A NSW Government website

NARCliM data processing, testing and validation

NARCliM data processing, testing and validation

Key points

  • The NARCliM project produces an extensive climate dataset, most of which is in the form of raw data, which are used primarily by the NARCliM team and technical stakeholders.
  • The post-processed data are more accessible to end-users and underpin the NARCliM information products such as the regional climate change snapshots.
  • For some metrics, such as temperature and rainfall, NARCliM develops bias corrected datasets to better align with past measurements after the models have been simulated.
  • All NARCliM data undergo rigorous testing and validation to ensure the modelling outputs are complete.

Processing the data

NARCliM produces data for a vast time period which includes both future and past climates (see NARCliM modelling methodology).

For each generation, the NARCliM project produces climate data in 3 forms:

  • Raw data, which are the projections and hindcasts directly produced by the modelling process. The raw NARCliM datasets are exceptionally large. For example, the complete NARCliM2.0 dataset is approximately 15 petabytes, which is too large for most users to interact with on standard desktop computers.
  • Post-processed data, which summarise the raw data into time-based (temporal) categories. The post-processed data are more accessible to end-users and underpin NARCliM products such as the regional climate change snapshots.
  • Bias corrected data, which have been through a process of reducing bias by comparing modelled data for a historical time period with observed climate records, and then correcting the modelled data until the data aligns as closely as possible with these measurements. The bias correction process occurs after the post-processing of climate model outputs.
Raw data

Following comprehensive research and development, NARCliM data are first delivered as raw outputs. At 15 petabytes, NARCliM2.0 is currently the single biggest raw dataset in Australia. This amount of data is too large for most purposes so, before it is released, the raw data for each generation is processed to make it more manageable.

Post-processed data

Most end-users interact with post-processed NARCliM data, which are grouped into manageable chunks for further use.
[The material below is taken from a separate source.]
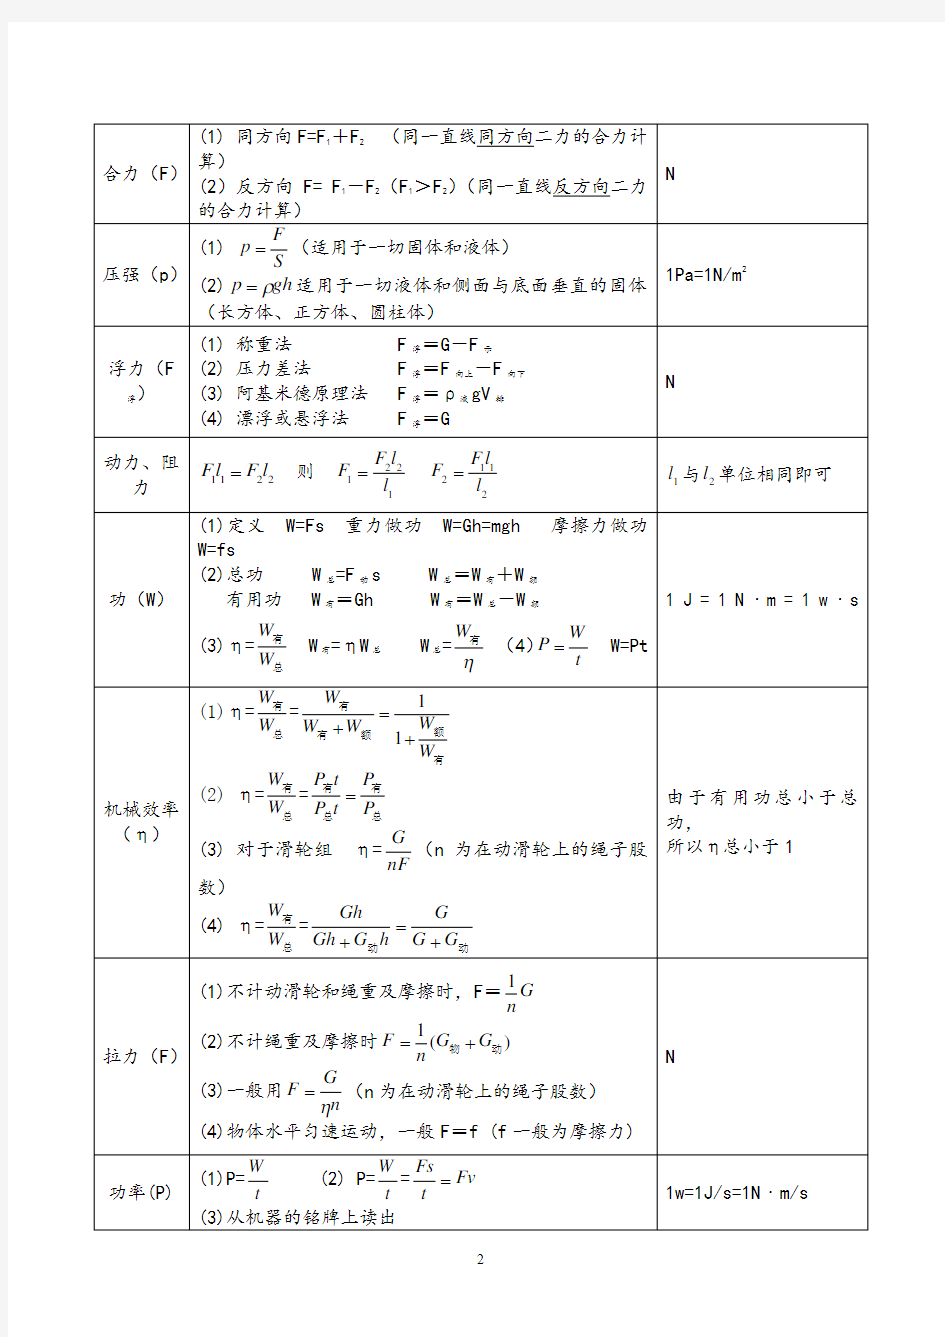 初中物理公式大全(附：初中物理知识点总结归纳).pdf

This temporal summarising (temporal resolution or frequency) is available sub-daily (1 hour, 3 hour, 6 hour), daily, monthly and seasonal averages calculated from the raw NARCliM data. Depending on the generation, daily, monthly and seasonal averages are available via the NSW Climate Data Portal.

NARCliM2.0 provides post-processed data for approximately 150 climatic variables across core variables including rainfall, temperature, humidity, air pressure and wind. NARCliM1.0 and NARCliM1.5 variables are listed in Table 6 in the NARCliM1.5 Technical Methods Report; a selection of these are publicly available through the NSW Climate Data Portal

Post-processing is also conducted to combine the outputs of multiple GCMs and RCMs into a multi-model average. Scientific research assessing climate models has shown that using the multi-model average gives a better representation of Earth’s climate. This approach has been widely adopted by the Intergovernmental Panel on Climate Change and others. It also reduces the influence of model bias (see below) on conclusions about current and future climates.

Bias corrected data

Climate models provide projections of future climate changes that are governed by the fundamental principles of the climate system. A benefit of this approach is that future changes in all climate variables (such as temperature or rainfall) are simulated together in a physically consistent way. However, a drawback is that the models often display biases (or systematic errors) in their modelled climates.

These biases can make it difficult to use the data for any impact assessment that is sensitive to non-linear changes in climate – for example, where temperature thresholds are more frequently exceeded.

The bias correction process involves comparing climate model data with observed climate records for a historical time period and adjusting the model until the data are sufficiently aligned. For technical guidance on using bias-corrected NARCliM1.0 data, see NARCliM Technical Note 3. The same bias-correction process was used for NARCliM1.5 and is explained in the NARCliM1.5 Technical Methods Report.

For each NARCliM generation, this bias corrected dataset has been developed for only a subset of outputs: daily precipitation, and maximum and minimum daily temperature. These variables are the most widely used in exploration, model evaluation and the derivation of metrics to characterise some physical climate hazards, such as extreme rain.

Data testing and validation

NARCliM data undergo a rigorous quality control process and scientific technical peer review. Models are tested and validated by running a ‘reanalysis simulation’ for a historical period on the same NARCliM grid (geographical area) and comparing the results with observed climate records. The more closely the model data align with the observed data, the better the model performance.

Quality assurance for NARCliM data has 2 parts.

  • Technical quality assurance – for each variable of both raw and post-processed data, output files are assessed for file appearance, metadata information and other technical system checks. This ensures that individual data files are not corrupt, include all necessary metadata and that no data loss has occurred during processing stages or during file transfer among the different file storage systems.
  • Scientific quality assurance – for NARCliM2.0 data, the key and most frequently accessed variables (primarily surface temperature and rainfall) are individually evaluated as they become available. In addition, all NARCliM2.0 outputs also undergo a more sophisticated, semi-automated approach. This considers the statistics of each variable to flag potential unreasonable results, which DCCEEW climate scientists then assess on a case-by-case basis.